The failures in the British response to the pandemic go deeper than the prime minister’s personal flaws, however. They are rooted in an entrenched misunderstanding of international security, defence and the role of intelligence and security services, as well as wider issues of political culture.

The new investigative reporting organisation, Declassified UK, which I advise, has in the past month published a series of hugely informed analyses of some of these failures. Only last week Nafeez Ahmed pointed out that six years ago the UK Cabinet Office’s National Risk Register for Civil Emergencies warned that “a global disease outbreak was likely within five years. Despite that, the government’s subsequent pandemic planning remained unfit for purpose. That very year, the UK’s Centre for Health and the Public Interest, a public health think-tank, warned that Britain’s National Health Service (NHS) was unprepared for the impact of such a pandemic.”

In a further Declassified UK report, Matt Kennard writes that there is little if any evidence that MI5 or MI6 have taken the risk of a pandemic seriously, even though the heads of these security services in recent years have tended to make public statements about their priorities. This lack of concern is striking, given that the government’s own National Risk Register for Civil Emergencies noted in 2017 that “consequences… for pandemic flu [may include] up to 50% of the UK population experiencing symptoms, potentially leading to between 20,000 and 750,000 fatalities and high levels of absence from work”.

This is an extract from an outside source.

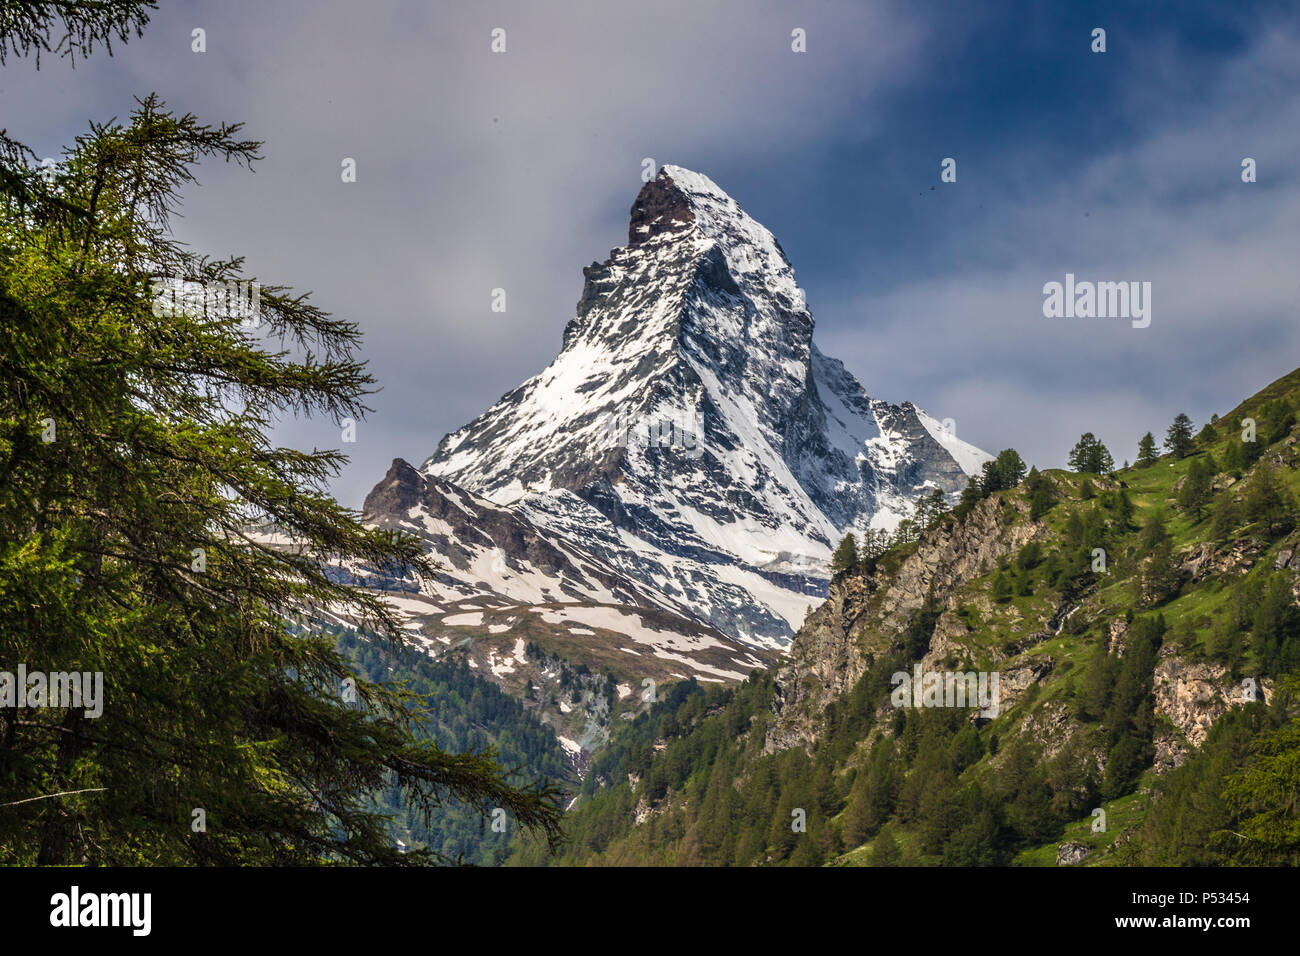 The Matterhorn as seen from Zermatt Stock Photo

What makes this even more concerning is that within the depths of government some sensible thinking actually was done, advocating exactly what policies should have been followed in the global crisis that began to unfold in China at the end of last year. In August 2018 the government published the UK Biological Security Strategy, which emphasised the need to respond to the spread of serious diseases. The strategy is a good example of science-based planning and highlighted the importance of strong public communications as part of swift action in the event of a crisis. Just two extracts illustrate how the government has failed to act quickly when it was vitally important to do so.

First:

The UK is globally renowned for the quality of our preparedness planning, and we have world-leading capabilities to address significant biological risks. Across local and national Government and the Devolved Administrations, and through our work internationally, the UK invests hundreds of millions of pounds a year in protecting against and preparing for disease outbreaks and biological incidents.

Why, then, has the government throughout this crisis given the impression that it is making up policy as it goes along?

Second:

We have effective and well-developed systems for gathering information on current and emerging biological hazards and threats, bringing this together so that it can be assessed by experts and then feeding the results of this work into our policy making, planning assumptions, and science and technology activity.

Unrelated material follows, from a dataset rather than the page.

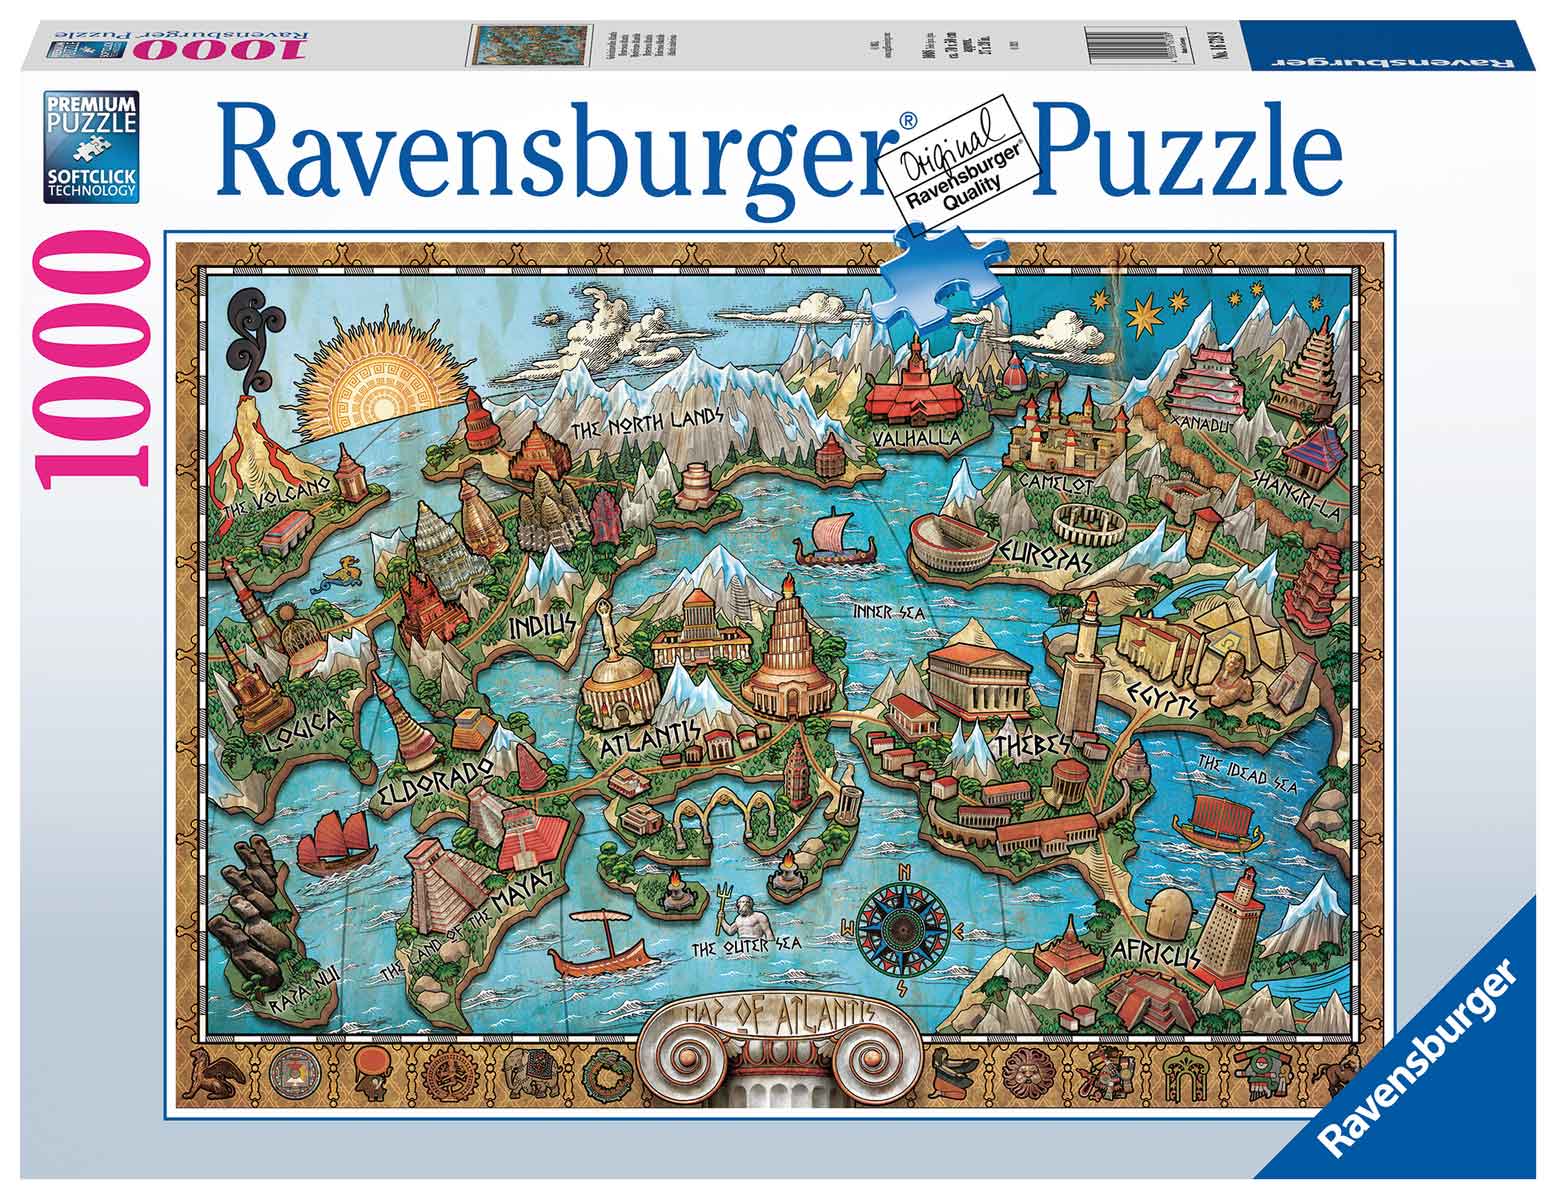 Puzzle Ravensburger Misteriosa Atlantis de 1000 Piezas

In which case why on earth did it take so long to recognise and act on the severity of this threat?

One helpful answer is to look at the sequence of events around the turn of the year, given that the first indications of a serious problem in China were already visible in late December. The Economist reports that Taiwan started testing people arriving from Wuhan before the end of the month.

Boris Johnson, meanwhile, was on a ten-day holiday in the Caribbean, not returning to the UK until 6 January. Many senior members of his cabinet also took time off, with junior ministers left to watch out for problems.

By 23 January, there had been 26 deaths and 870 people confirmed with the virus in China, and the rate of spread was accelerating by the day. Cases were already being reported in Hong Kong, Singapore, Thailand and the US, and health officials in the UK reported that fourteen people were being tested for the virus.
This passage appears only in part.